W tym momencie jestem głównie słuchawkowy - używam Superluxów HD660 oraz Cresyn 450. Nie jestem bynajmniej audiofilem, ale nie lubię, gdy tracę część brzmienia, nie cierpię też ewidentnie słabego brzmienia, ale nie mam zamiaru słuchać głośników z aparaturą pomiarową - po prostu mają dawać frajdę.

 

Pomożecie? Czy któreś z rozważanych głośników mają ewidentną przewagę przy moich założeniach, lub zupełnie odpadają? Może macie inne propozycje? : )

Edytowane przez PrzemQ
Odnośnik do komentarza
Udostępnij na innych stronach

Myślałem o tym jakiś czas temu - doszedłem do wniosku, że potrzebowałbym wyższego budżetu. Mam też wrażenie, że sporo starych zestawów (na które byłbym skazany z takim budżetem) gra dużo jaśniej niż lubię. I przede wszystkim kwestia ryzyka przy zakupie tak używanego sprzętu (bo nie kupię niczego dwu czy czteroletniego z takim budżetem) - odniosłem wrażenie, że allegro jest pełne dość rozwalonych sprzętów (przechodził przez to brat i kumpel).

 

Alternatywą, którą rozważałem były Yamahy Pianocraft - ale z tego co wszędzie czytałem, nie do końca podejdzie mi charakter ich grania (raczej nacisk na górne i średnie pasmo, lekki niedosyt dołu).

 

Czy uważasz, że wymienione przeze mnie zestawy nie są warte swoich pieniędzy lub po prostu będę rozczarowany? : )

Odnośnik do komentarza
Udostępnij na innych stronach

Właśnie tego się obawiałem - że jednak całe czytanie od początku ; ) Zaraz się okaże, że powinienem też wyskrobać drugie tyle z budżetu ; )

 

No dobrze moi drodzy - czy w podanym budżecie możecie polecić cokolwiek? : )

 

I jakieś małe słówko na temat głośników o których pisałem - będzie kiepsko? Olać temat zupełnie?

Odnośnik do komentarza
Udostępnij na innych stronach

I mam rozumieć, że tego typu zestaw zje ze smakiem na śniadanie wszelkie edifiery, microlaby i inne podobne?

 

Trochę obawiam się tego, że to bardzo stary sprzęt - być może jestem zrażony historią brata, któremu bardzo szybko rozleciał się wzmacniacz i włożył sporo w uratowanie kolumn albo kumpla, który gdy po jakimś czasie rozebrał swoje kolumienki, okazało się, że każdy głośnik jest z innej parafii. A sam nie będę potrafił tego naprawić, nawet nie wiem czy ktoś to sensownie serwisuje.

 

amrowek - dzięki wielkie za poświęcenie czasu i wrzucenie linków!

Edytowane przez PrzemQ
Odnośnik do komentarza
Udostępnij na innych stronach

I mam rozumieć, że tego typu zestaw zje ze smakiem na śniadanie wszelkie edifiery, microlaby i inne podobne?

 

Trochę obawiam się tego, że to bardzo stary sprzęt - być może jestem zrażony historią brata, któremu bardzo szybko rozleciał się wzmacniacz i włożył sporo w uratowanie kolumn albo kumpla, który gdy po jakimś czasie rozebrał swoje kolumienki, okazało się, że każdy głośnik jest z innej parafii. A sam nie będę potrafił tego naprawić, nawet nie wiem czy ktoś to sensownie serwisuje.

 

amrowek - dzięki wielkie za poświęcenie czasu i wrzucenie linków!
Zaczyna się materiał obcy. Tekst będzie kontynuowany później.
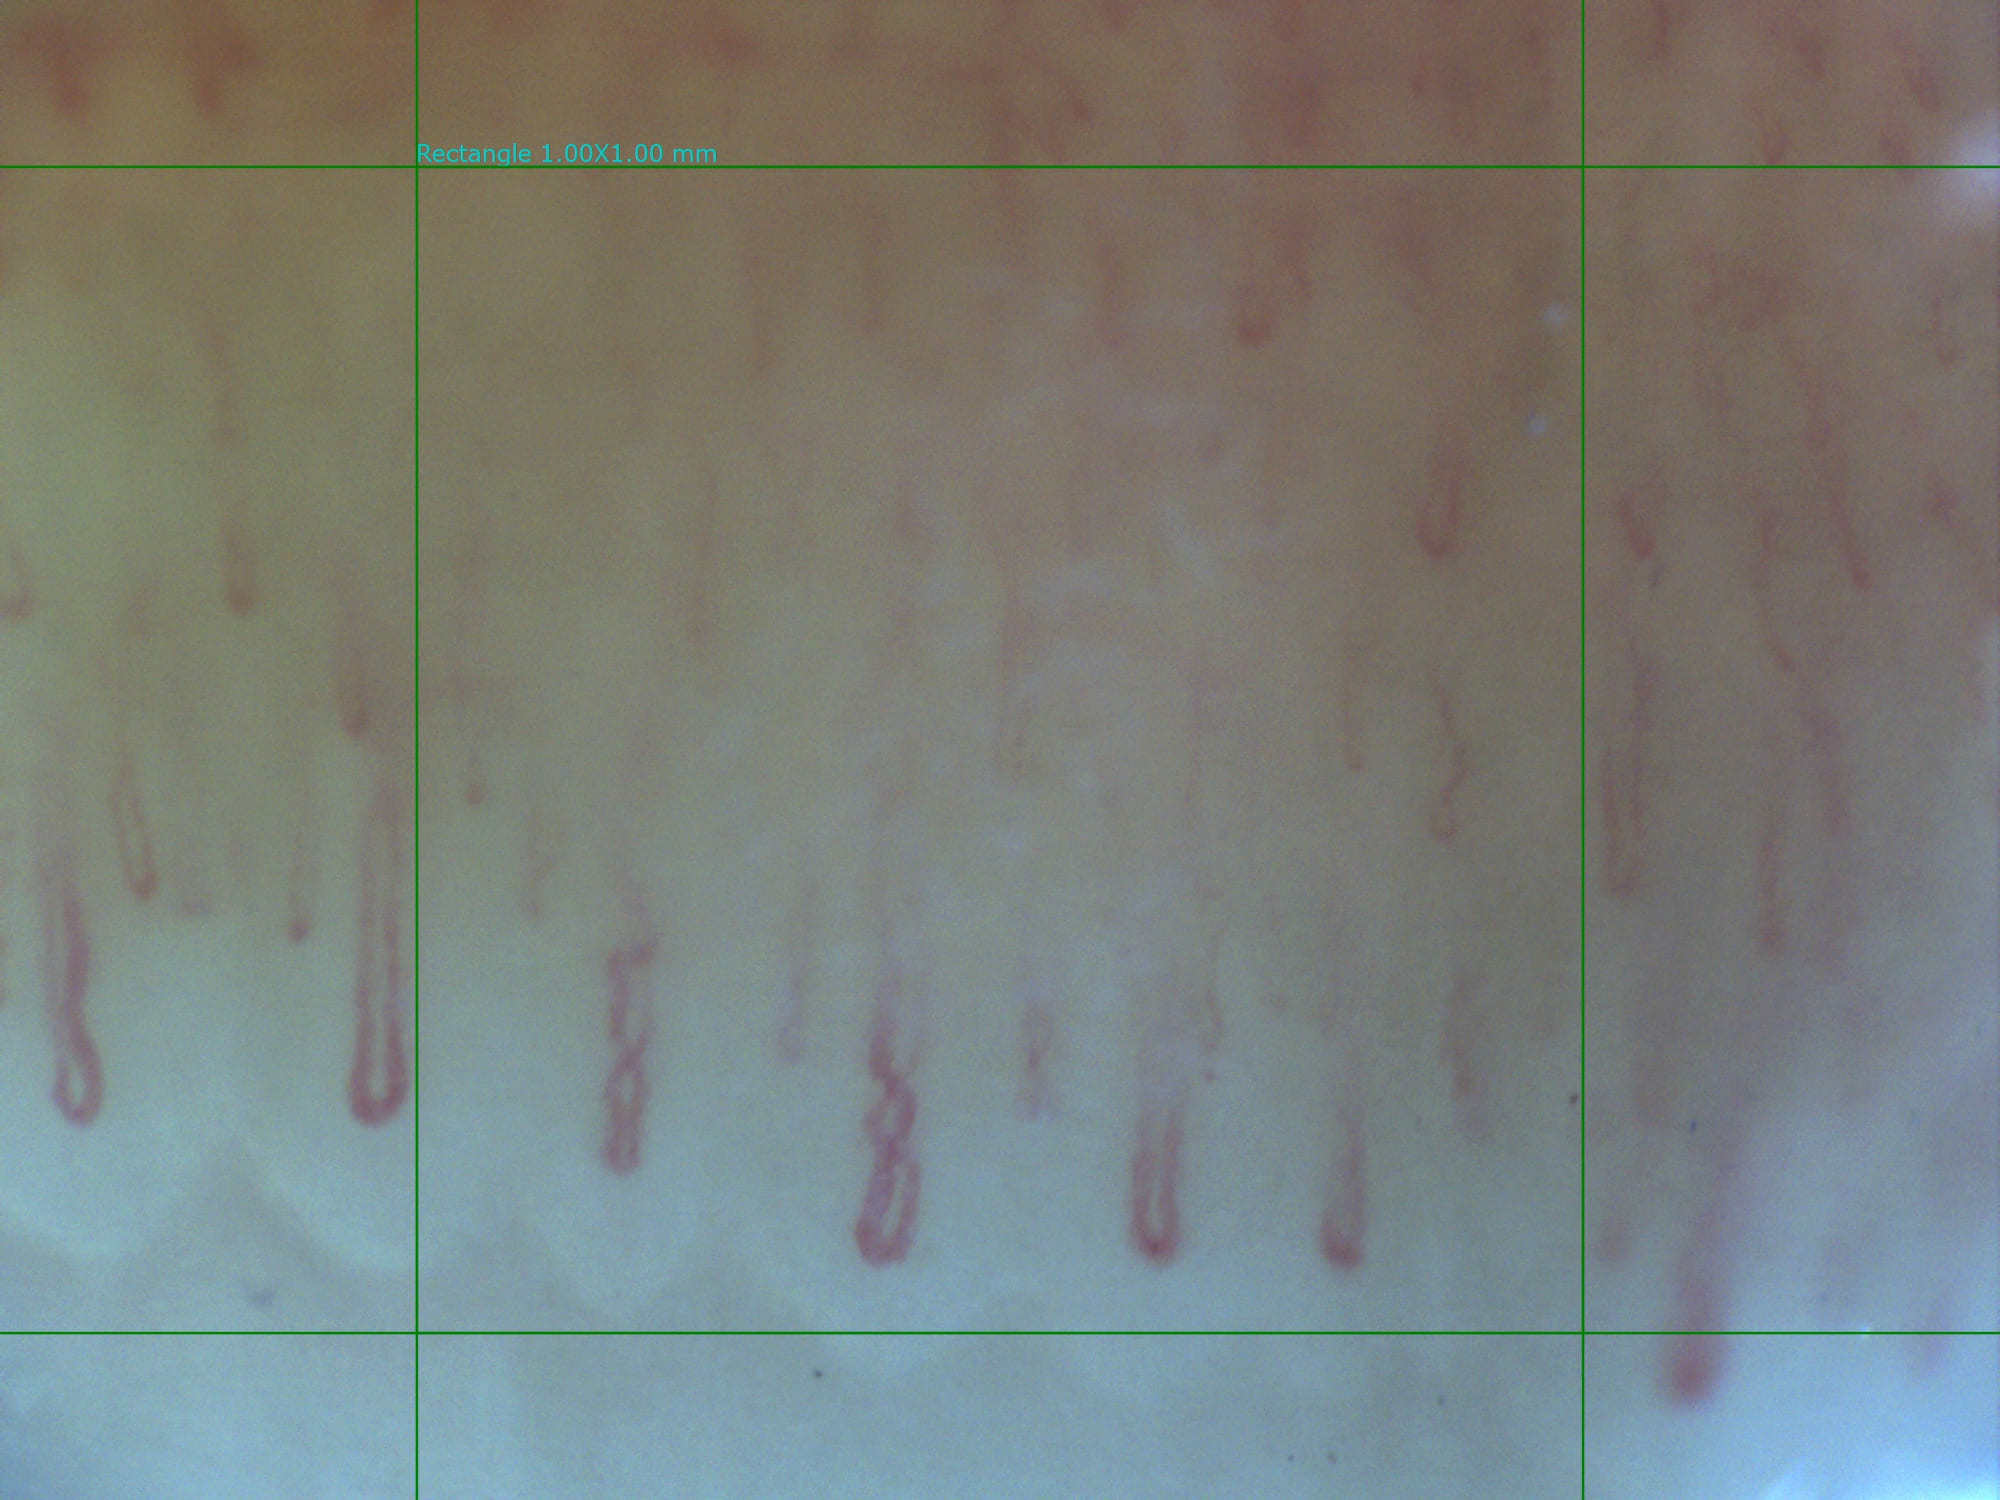 Capillaroscopy example with Optilia Digital Capillaroscope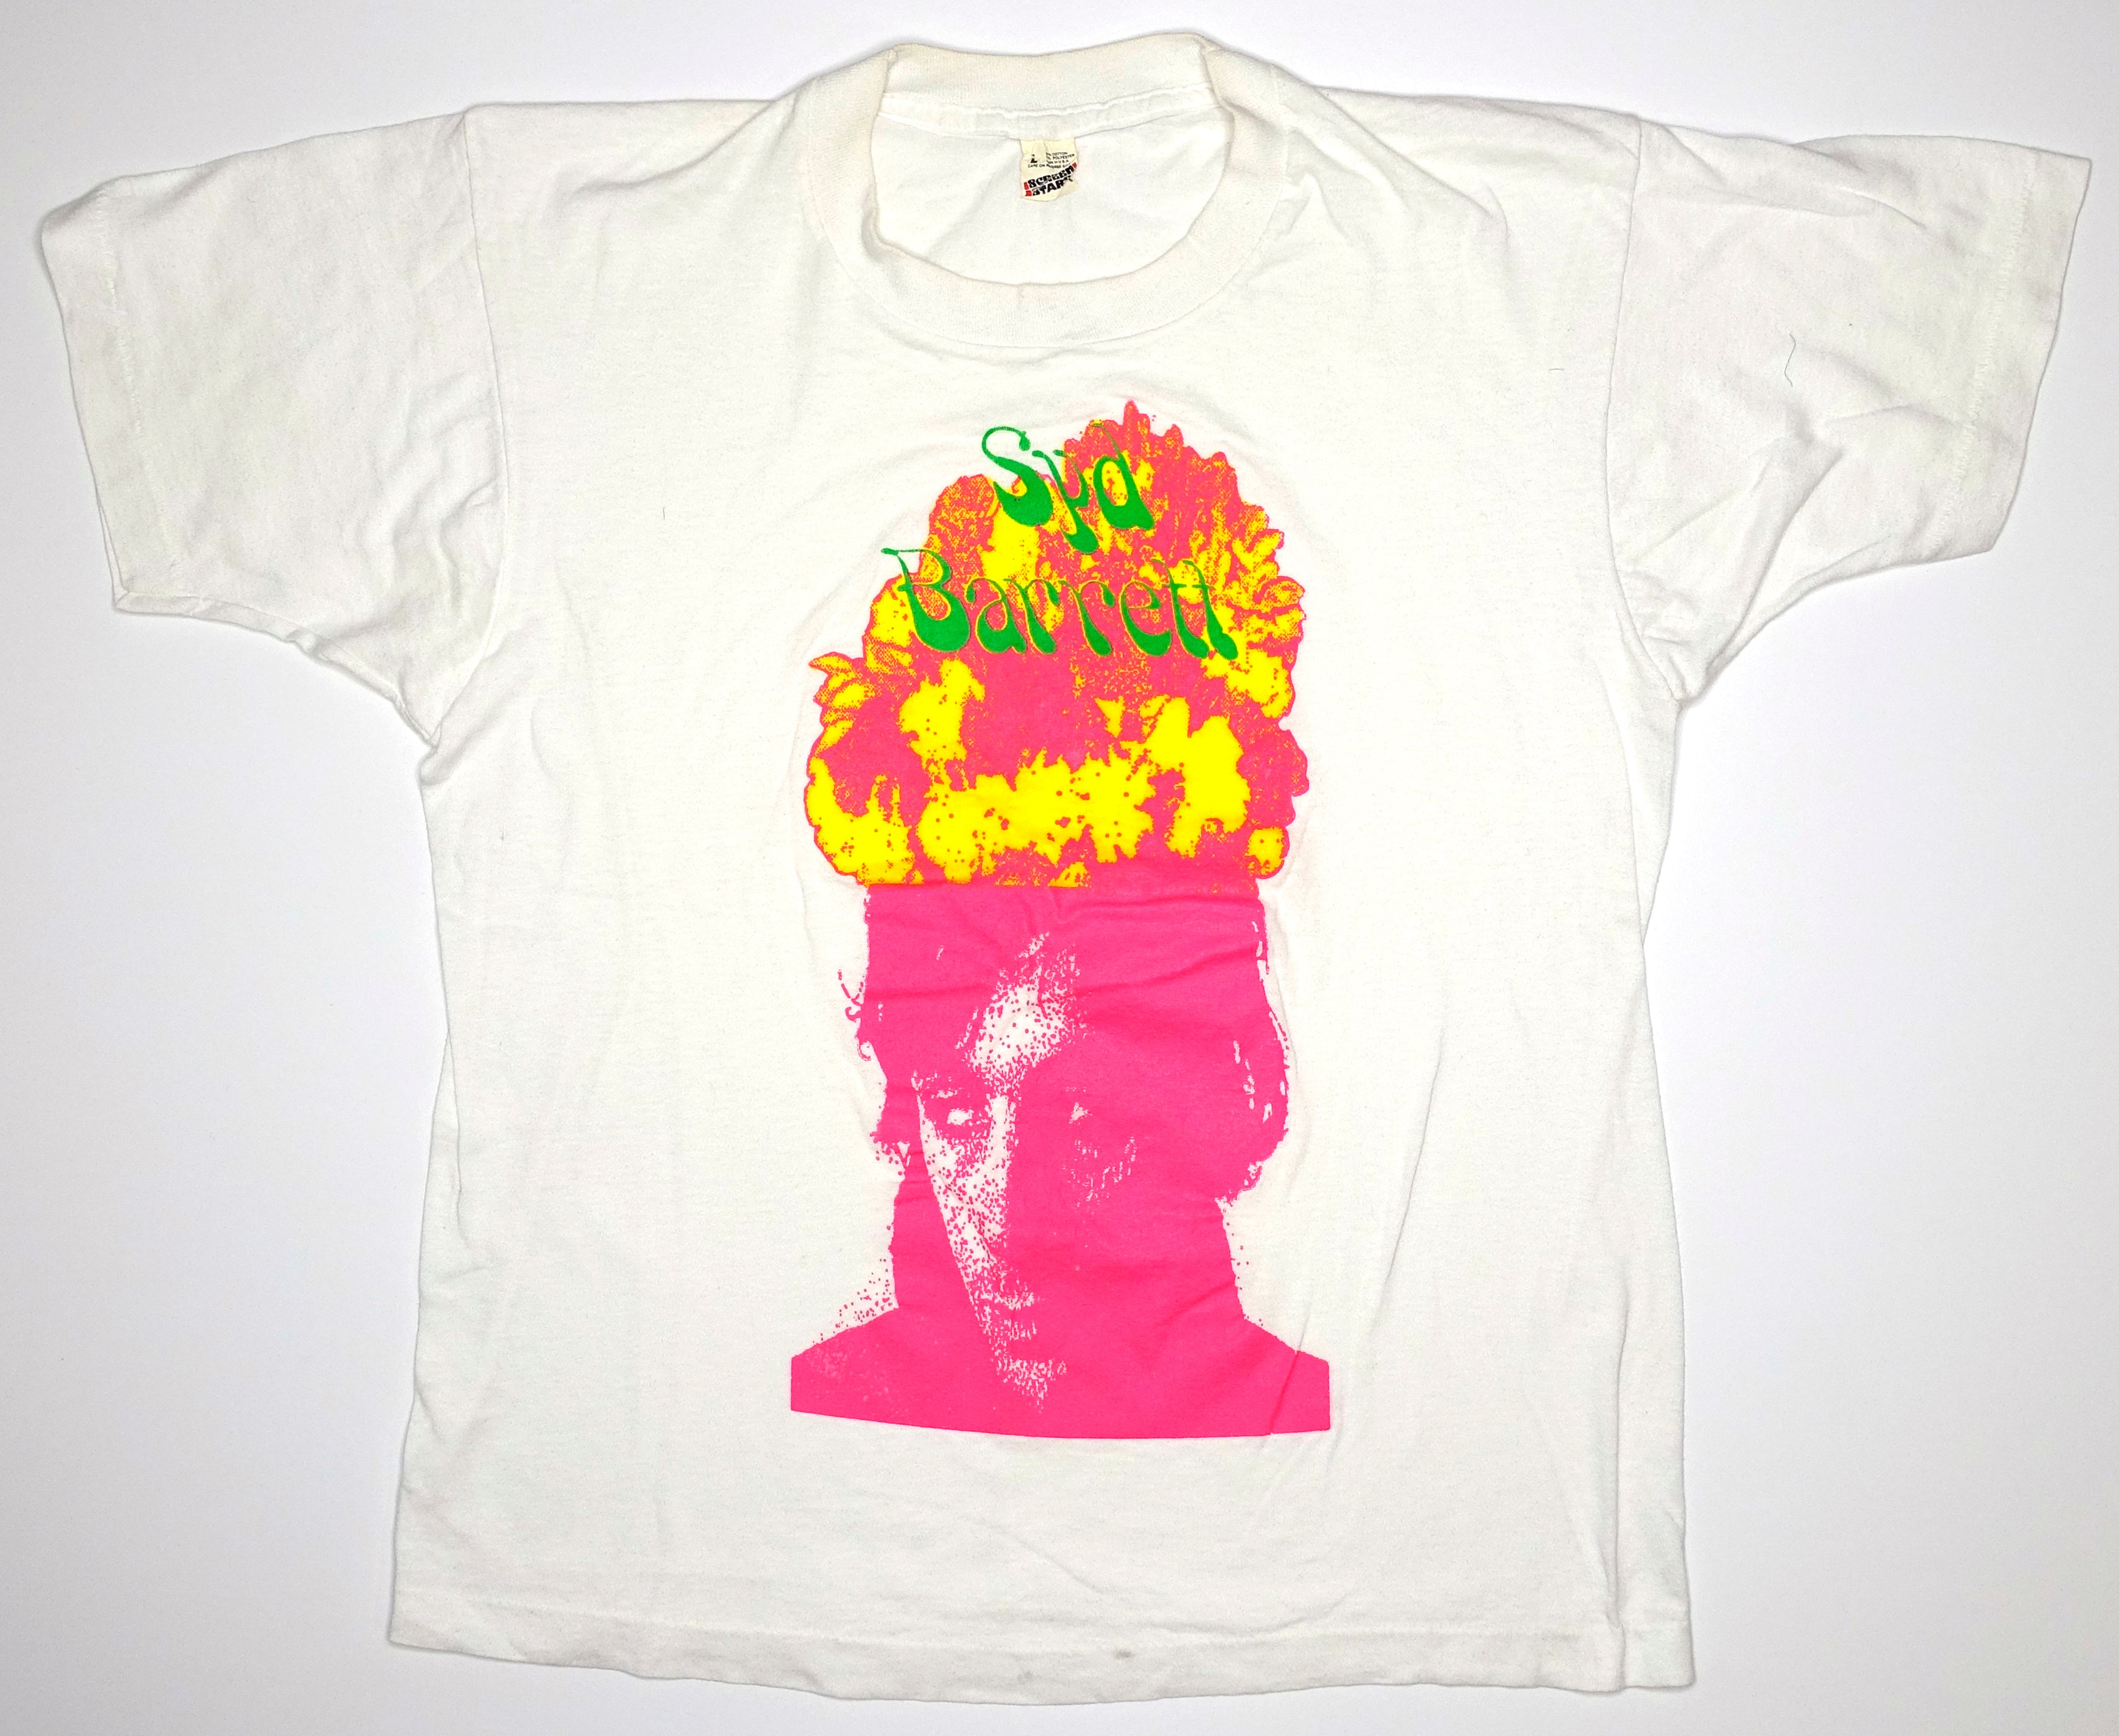 Syd Barrett - Concert Shirt Size Small

Wystarczy patrzeć co się kupuje i poprosić o zdjęcia środka żeby zobaczyć czy jest oryginalny i w dobrym stanie. Nie ma się czego bać kupiłem już masę sprzętów często starszych od tego co zalinkował amrowek i nie rozleciały się do dziś :) .

Odnośnik do komentarza
Udostępnij na innych stronach

A ja sobie podglądam wątki tego typu na Forum, bo już dostaję niezłej schizy ...

(Oskar, Ty wiesz o co chodzi ;) )

 

Zaś co do sprzętów starej daty to moje zdanie zmieniło się diametralnie ( na plus ) kiedy to kupiłem do firmy jakiś kombajn Kyocery, tzw. "wypasiony".

Gwarancja skończyła się i wszystko zaczęło się sypać. A tak sprytnie zrobione, że nie dało się wymienić walniętej części. "Wyjechany" trybik ?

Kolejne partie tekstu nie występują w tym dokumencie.